Toddler amputation was unavoidable

Friday, December 11, 2009

Pretoria - An investigation on the circumstances led to the amputation of the legs of a toddler treated for burns to her hands was unavoidable.

A preliminary report of a team set up to probe the circumstances leading to the amputation was submitted to Gauteng MEC for Health and Social Development Qedani Mahlangu on Thursday.

The report also dismisses allegations that the child developed gangrene on both her legs because of intravenous drips inserted on her feet.

Thembisa Nikelo, 2, was admitted at Far East Rand Hospital with burn wounds on her hands and face in September this year.

She later developed gangrene on both her legs and was transferred to the Charlotte Maxeke Johannesburg Academic Hospital, where her legs were amputated.

The six-member team of investigators, led by Professor Joe Veriava expressed concern about the standard of care the child received at the Far East Rand Hospital.

The team's primary concern relates to a failure by doctors to recognize the severity of the child's clinical condition, the degree of senior supervision, oversight and involvement.

According to a report, there was inadequate communication and interaction between the surgeons and the paediatricians relating to the management of the child.
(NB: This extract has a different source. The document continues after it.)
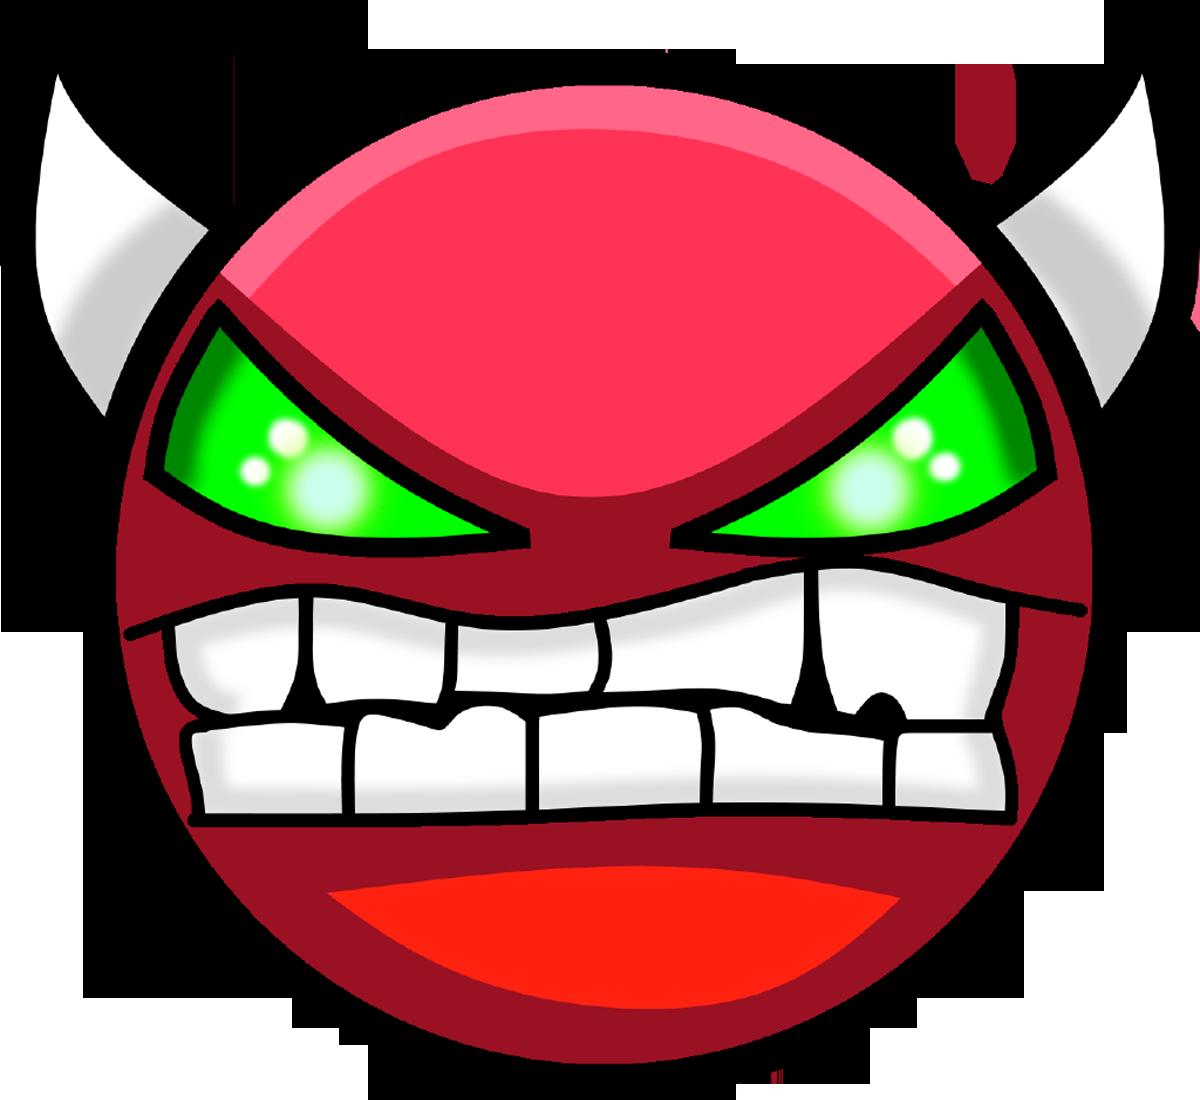 Файл:Demon.png

"There was also no consideration given to treat Thembisa in a high care or an intensive care unit with paediatricians playing a major role in her management," the report stated.

The team also found that the child should have been transferred to Charlotte Maxeke Hospital much earlier.

"When Thembisa arrived at the hospital (Charlotte Maxeke) gangrene of both legs below the knee was well established and amputation was unavoidable," the report said.

However, it found that the gangrene was definitely not due to the insertion of intravenous line into a vein in the foot.

"The team said it could not find any problem in the care that the child received at Charlotte Maxeke Hospital.

"A more in-depth investigation will now be conducted and the team will have to report in January," department spokesperson Simon Zwane said.